# Wasp"IMP" BB Shooter



## Six Foot Halfling (Dec 22, 2019)

So I've been doing a bit of target shooting on my lunch break at work, just to get some daily slinging in and while I was tooling around online I came across the Wasp "Imp" BB Shooting Slingshot. This seems like it might be a good buy for my lunchtime shoots, and was wondering what experiences others had with the product and what their opinions are on Wasp Slingshots in general. I'm U.S.-based, so if I was gonna grab other stuff from Wasp I'd want to get it all at once and was hoping to get some insight from those more experienced than I.


----------



## AlDermietzel (Apr 26, 2019)

Not tried the imp before, but I am a wasp aficionado ! I've got quite a few of their frames, excellent quality and design especially for the price. You can't really go wrong mate 






























Sent from my EML-L09 using Tapatalk


----------



## Kalevala (Jul 20, 2014)

WASP slingshots are inexpensive and with good quality.

I have WASP Devil, little bigger than IMP.

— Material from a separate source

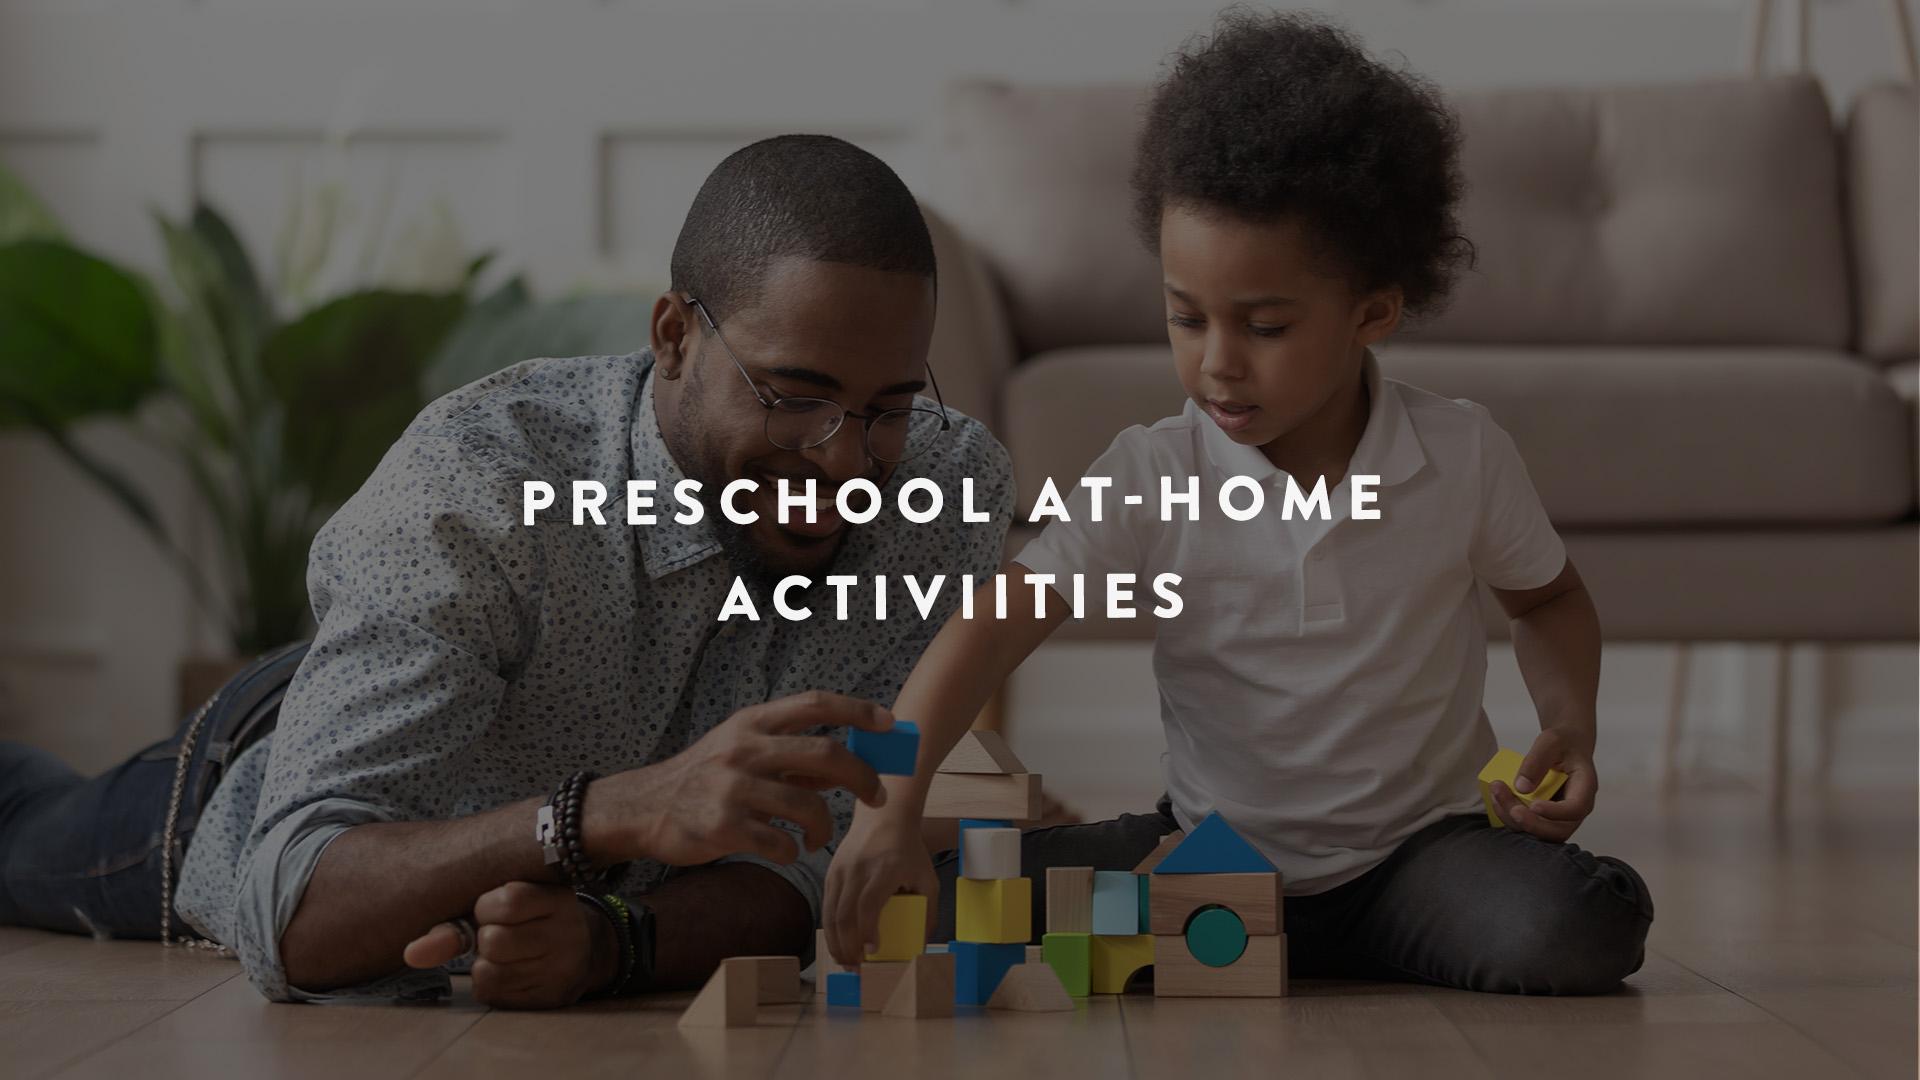 preschool at-home activities

https://www.waspslingshots.co.uk/product-page/new-wasp-devil-ott-frame


----------



## Six Foot Halfling (Dec 22, 2019)

AlDermietzel said:


> Sent from my EML-L09 using Tapatalk


Oooh, what's this one? Is that the Devil Kalevala mentioned?


----------



## Kalevala (Jul 20, 2014)

https://www.waspslingshots.co.uk/product-page/new-wasp-missile-ttf-frame

That's WASP Missile TTF


----------



## Six Foot Halfling (Dec 22, 2019)

I pulled the proverbial trigger and decided to buy the Imp Gift Box. I even got the "Christmas Edition," because why not? I'll let you folks know how it shoots after it arrives.


----------



## MakoPat (Mar 12, 2018)

That's it...I'm getting one this year.

I have never had a bad Wasp experience. Been eyeing the Imp for too long.

I've been struggling between Tri-grip, the torpedo, wolf, and Imp.


----------



## Rattler (Apr 3, 2018)

I own also couple of wasps... not many 
The imp is nice, but the jack of all trade device is definite the uniphoxx, my favorites are the stinger and the Tri gripthy fit my hand well!

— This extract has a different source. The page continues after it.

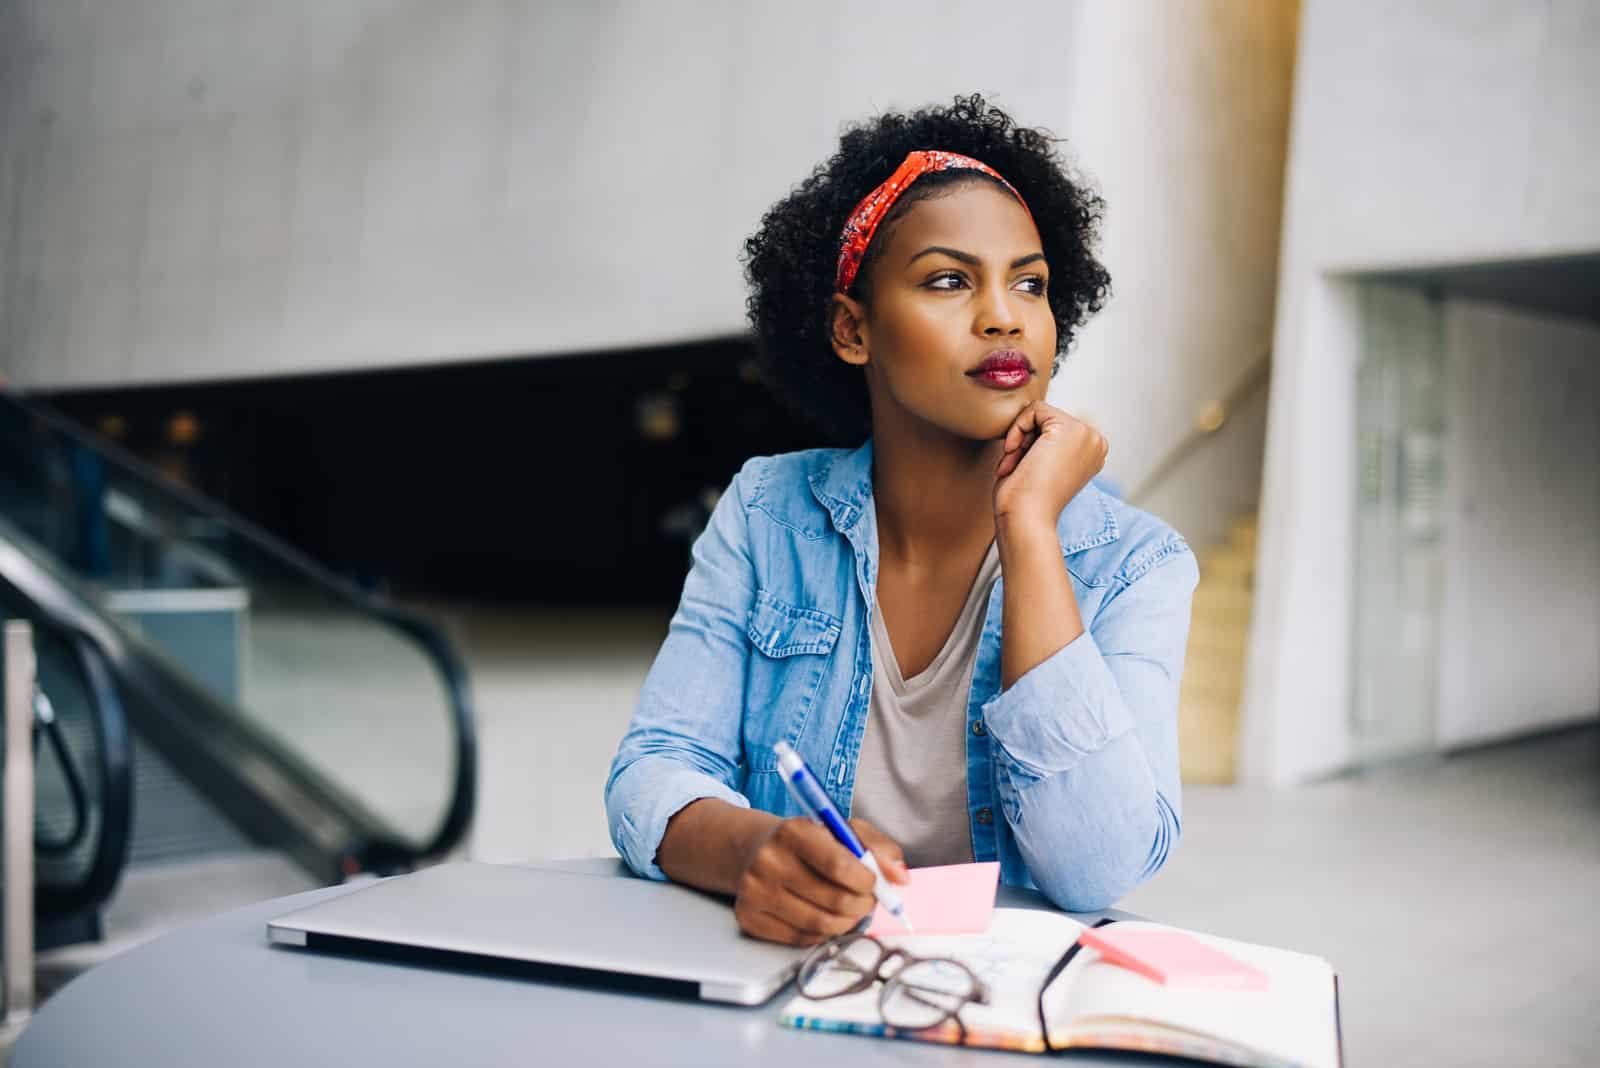 eine imaginäre Frau mit krausem Haar sitzt an einem Tisch und schreibt

Gesendet von meinem AGS2-W09 mit Tapatalk


----------



## Crazy Canuck (Dec 20, 2018)

I recently received the Imp in G10. Solid little sling. If you like 'em small, the Imp is a good choice


----------



## AlDermietzel (Apr 26, 2019)

Rattler said:


> I own also couple of wasps... not many
> The imp is nice, but the jack of all trade device is definite the uniphoxx, my favorites are the stinger and the Tri gripthy fit my hand well!
> 
> Gesendet von meinem AGS2-W09 mit Tapatalk


I've been desperate to get a stinger for so long, everytime I talk myself into it, they're out of stock 

Sent from my EML-L09 using Tapatalk


----------